The comments will reduce somewhat the heightening expectations that the Bank of England's Monetary Policy Committee is poised to reduce interest rates further at its next monthly meeting.
Rates were reduced to 7.25% at the meeting held earlier this month - the first time the committee has voted for a reduction since its formation after the General Election.
Bank Governor Eddie George, Mervyn King, David Clementi, Alan Budd, Charles Goodhart, Ian Plenderleith and John Vickers all voted to shave a quarter point off rates.
Former hawk Willem Buiter and long-time dove DeAnne Julius "preferred a larger cut in interest rates".
Simon Briscoe, economist at City bank Nikko Europe, said: "This is a stronger display of willingness to cut rates than anyone expected.

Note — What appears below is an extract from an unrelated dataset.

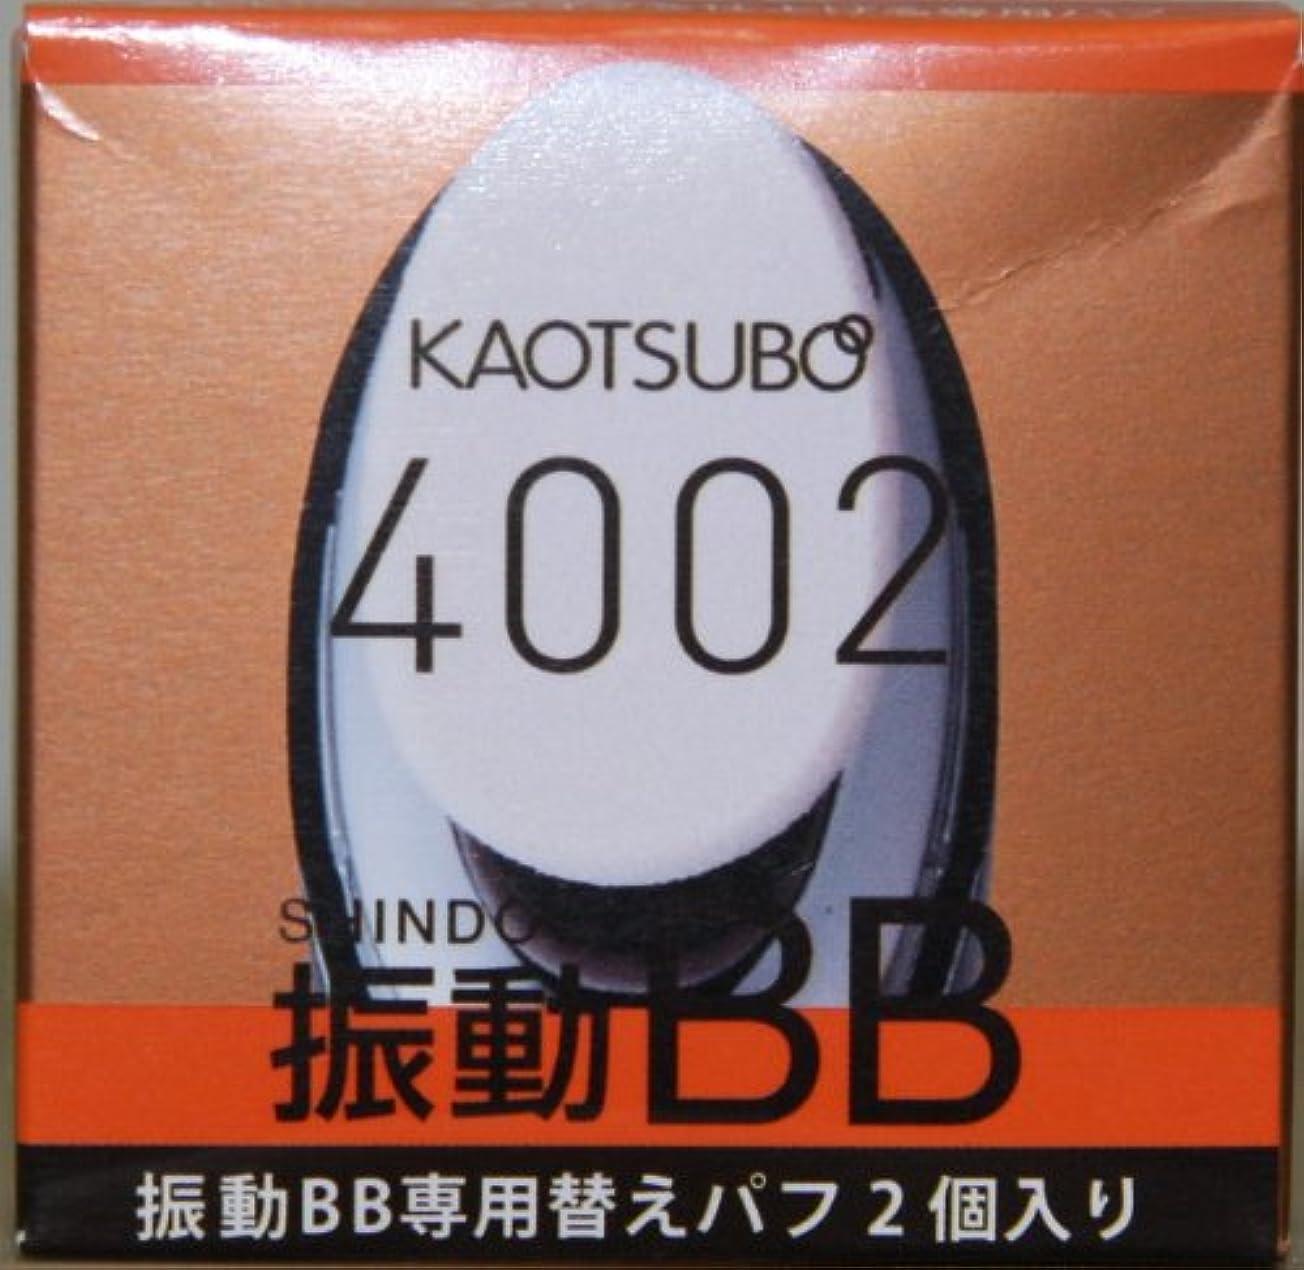 現金テザーショート4002 振動BB 専用パフ (交換用2個)
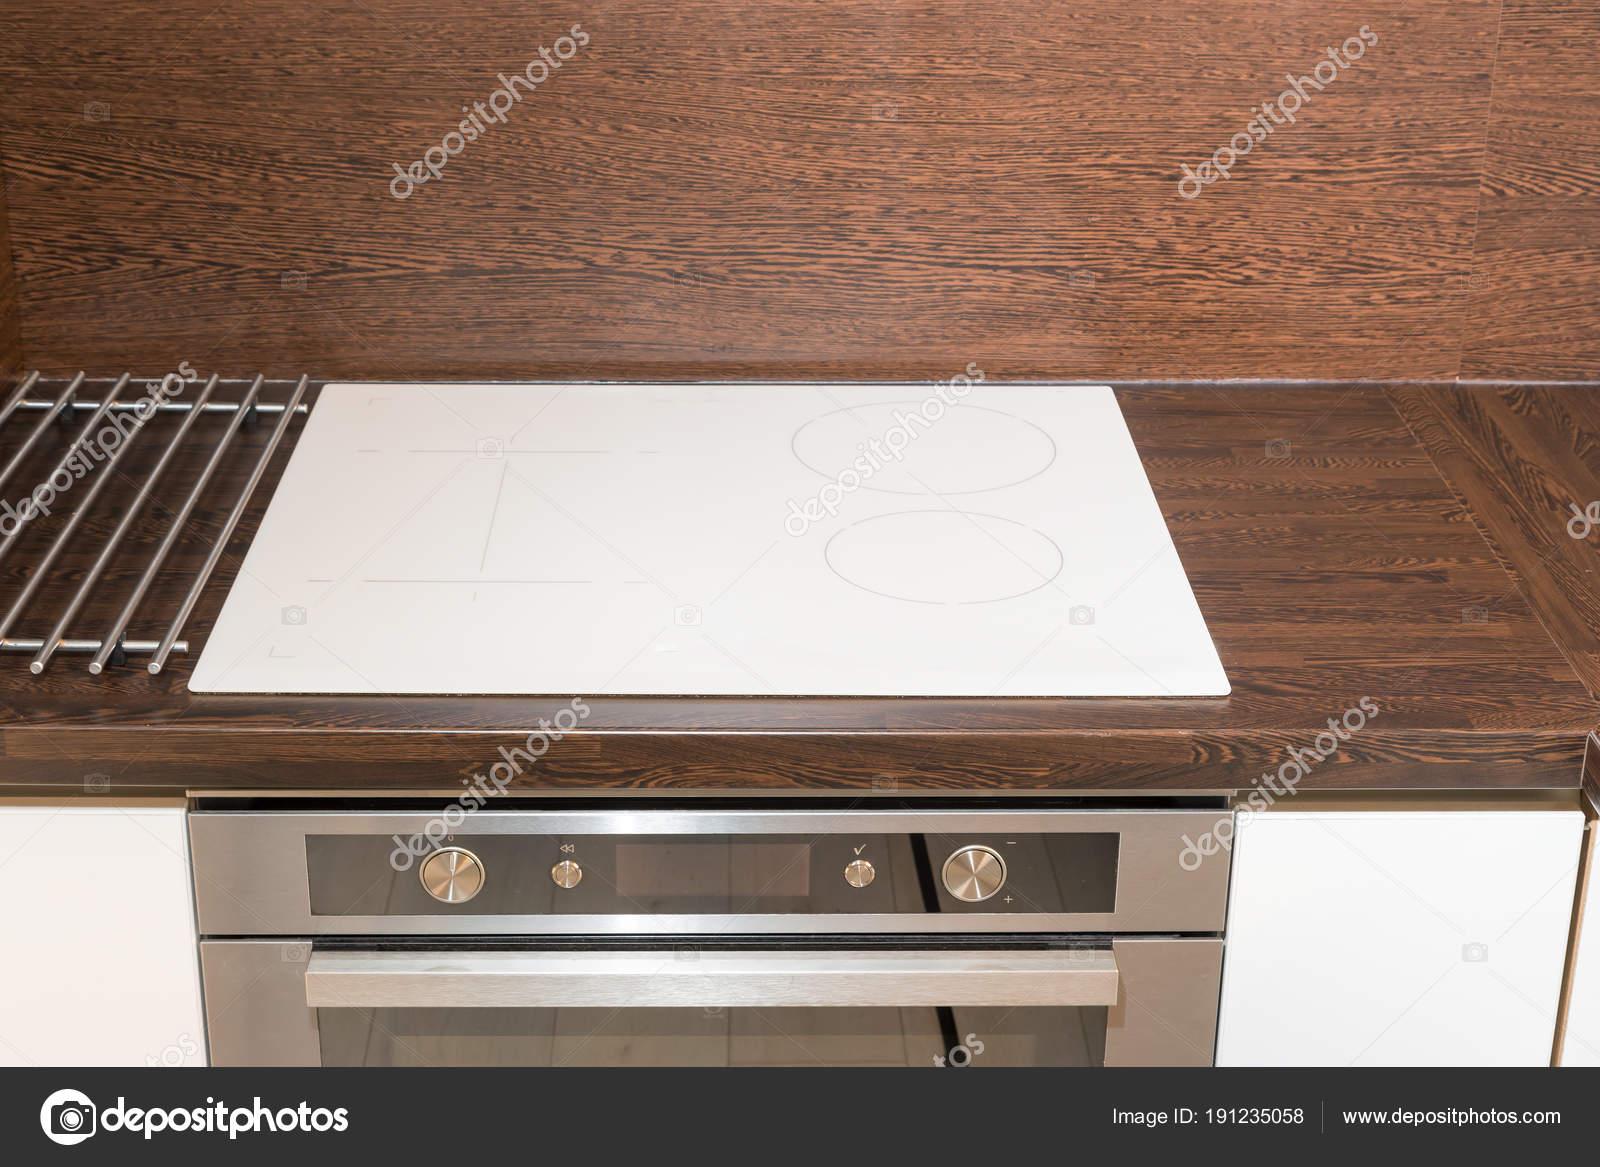 Vorderansicht der Küche mit einem Glas-Keramik-Platte und einem Herd ...

"The fact that there was no-one who was concerned and that two were gunning for more does suggest there will be further cuts in November."
Concern over global crisis
The minutes show the MPC was concerned about the spread of the financial crisis across the globe and the effect it would have on the UK economy.
It added that further cuts in rates would be required if the shortage of lending, known as a "credit crunch", seen elsewhere in the world hit the UK.
The committee had come under tremendous pressure for a rate cut from business, unions and the government, with Chancellor Gordon Brown hinting strongly that he hoped for a cut.
But the MPC said while it noted the views of "outside commentators" it had to reach its own assessment of the situation.
The minutes also revealed that for the first time, the committee was not pondering whether to drop rates, but only by how much they should be cut.
Those calling for bigger cuts said a 0.25% reduction would be insufficient to stop a more substantial fall in economic output and rise in unemployment.
This would lead to inflation under-shooting the government's 2.5% target, it was argued.
But the majority took the view that a bigger cut was not required.
General Secretary of the Manufacturing, Science and Finance Union, Roger Lyons, welcomed the minutes.
He said: "There are two people inside the MPC who have grasped finally the seriousness of the situation the British economy is in.
"It is time the rest, including the Governor Eddie George, woke up to reality."
The Director-General of the CBI, Adair Turner, added his voice to calls for larger rate cuts in the future.
"The key thing is that central banks have to be willing in this environment, if events move yet further in a deflationary direction, to move with sufficient forcefulness," he said.
The committee has also come under pressure to make an emergency rate cuts after the Federal Reserve in the US held an emergency meeting and imposed a 0.25% cut for a second time in two weeks.
However most commentators expect the MPC to wait until its meeting on 4 and 5 November.